My exposure with this came from an email labeled "URGENT" from one of the mobile newsletters I subscribe to. NOTE: I am not an attorney and am only reporting information as I understood it about new laws put in place by the FCC and the FTC - because I don't want you to innocently make yourself vulnerable to massive penalties. This news came to me from the Mobile Marketing Watch, in the form of a video. According to the speakers, some who were attorneys:

These changes come because the TCPA (Telephone Consumer Protection Act) has been extended to cell phone usage.   My understanding is that this act was put into place in about 1991 to squelch dinner-hour calls from telephone marketers. The Do-Not Call Registry was formed from this development, as I understand.

For businesses, the bottom line is that before sending text messages to customers, you must be very thorough and detailed about getting their written approval before sending messages out to them. You must keep proof of this approval for four years.The video revealed that the FTC and FCC reported receiving many complaints each month! If this is true, it must mean that many, many businesses either do not know about, or simply don't follow the regulations and best practices set forth by the CTIA and the global Mobile Marketing Association. These rules are explained in this article.
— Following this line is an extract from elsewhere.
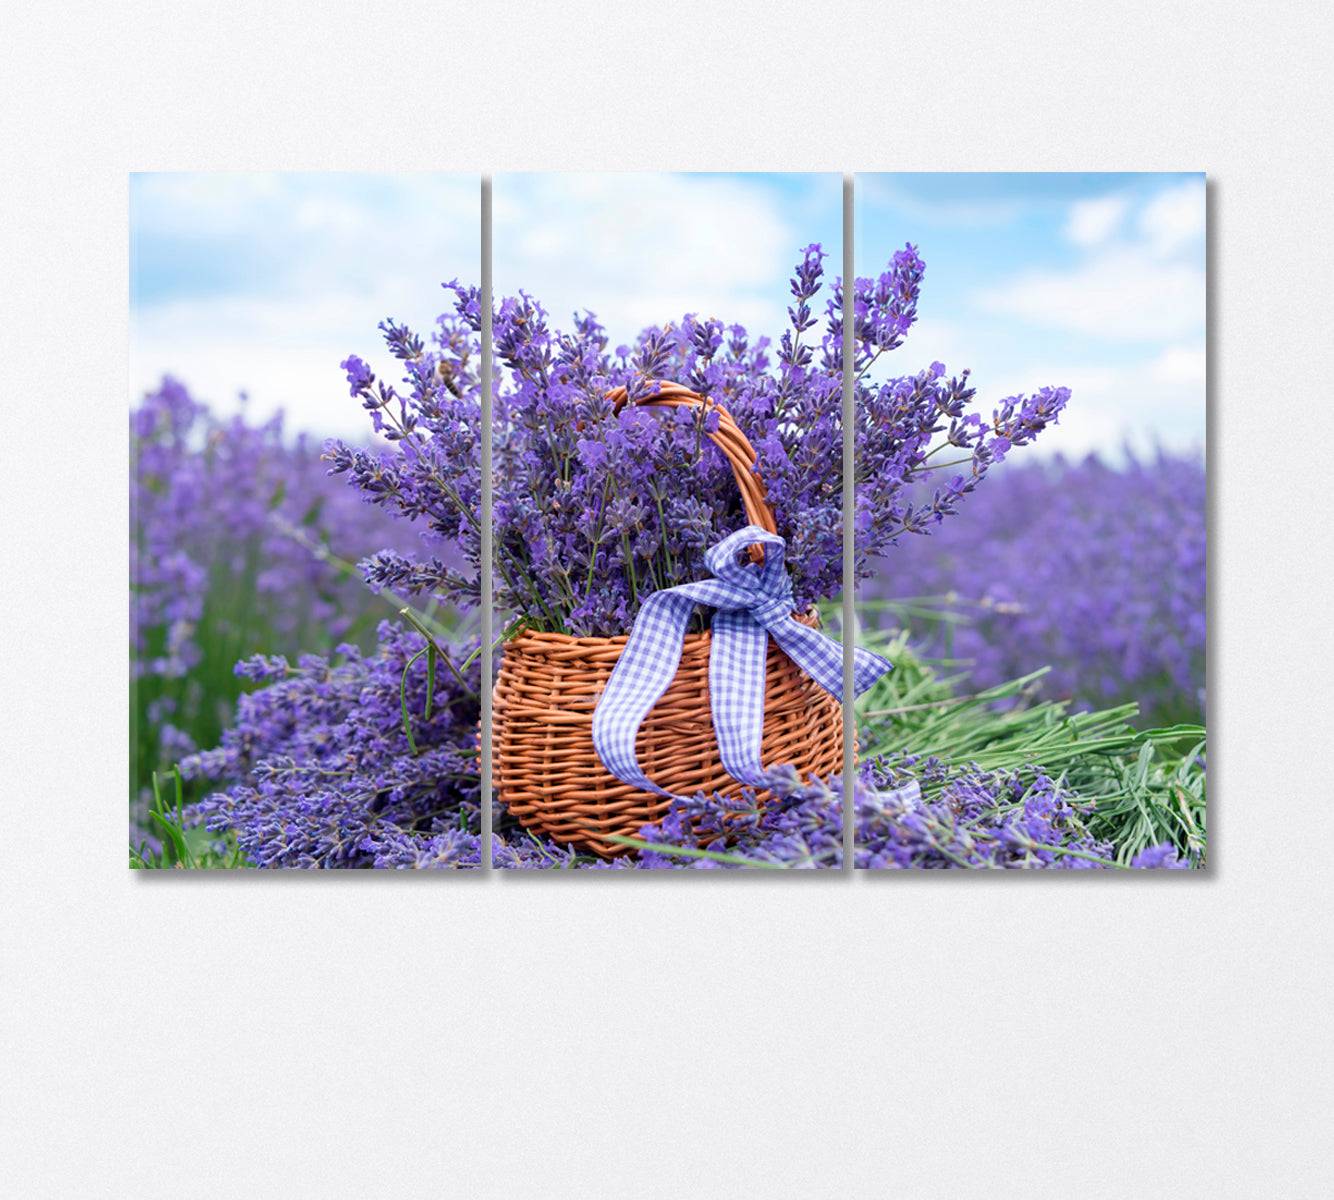 Lavender Bouquet in Wicker Basket Canvas Print-Canvas Print-CetArt-3 Panels-36x24 inches-CetArt

For your convenience, I've repeated a synopsis below:

  • Inform customer of the number of messages they can expect to receive each month (3-5 recommended)
  • Inform them that "Message and Data Rates May Apply"
  • Let them know how to unsubscribe if they no longer want to receive your messages-STOP to Stop
  • Tell them how to get Help - "Text HELP for Help"
  • Terms and Conditions may Apply
  • Link to Privacy Policy
  • Of course, each message should also tell who the message is from- just like when you telephone someone and immediately introduce yourself as, "Hello, this is John Smith from ABC Widgets"

According to the video, the FTC has initiated about 100 enforcement actions against 300 companies and 200 individuals. The FCC has recently issued hundreds of  citations and penalty notices. Both agencies, according to these spokemen can by law issue maximum penalties of $16,000 per violation PER message!

So, if you decide to start a mobile marketing campaign, follow these laws to remain safe.

It is surprising to me that I've not seen this development in every online blog and website about mobile marketing because of how businesses could be affected by financial penalties they haven't learned about. However, a standard mobile marketing platform does document opted in mobile marketing subscribers already. Perhaps a business may fail to save this information if changing platforms or for some other reason, but since you've gone to the effort to become informed, you won't make that mistake!

Below are my notes that describe a statement you can include in a "conspicuous location" on or near your mobile marketing invitation - these are my notes from the video and to the best of my knowledge they are accurate and as complete as possible:

For an online invitation, an unchecked box was suggested - the customer should check that.

"I hereby consent to receive SMS messages from (or on behalf of) (your business name) at the cell number I provided above. I understand that this concent is not a condition of an agreement to purchase". 

Frankly, the amounts cited as settled upon by several large corporations scared me to death $47 Million and up.

Again, note that I am not an attorney, and am passing on information gained from a source I recognize as credible and well informed. Regardless of these new laws, they do protect consumers from 'Spam', which we are all in favor of never committing. There are irreputable marketers who take any advantage possible, and they should be shut down. Reputable conscientious businesses and their customers can both still enjoy the benefits of mobile marketing! 

Everything we undertake does have rules, laws, or best practices applied, so this is not to imply that businesses should ignore the highly effective practice of mobile marketing.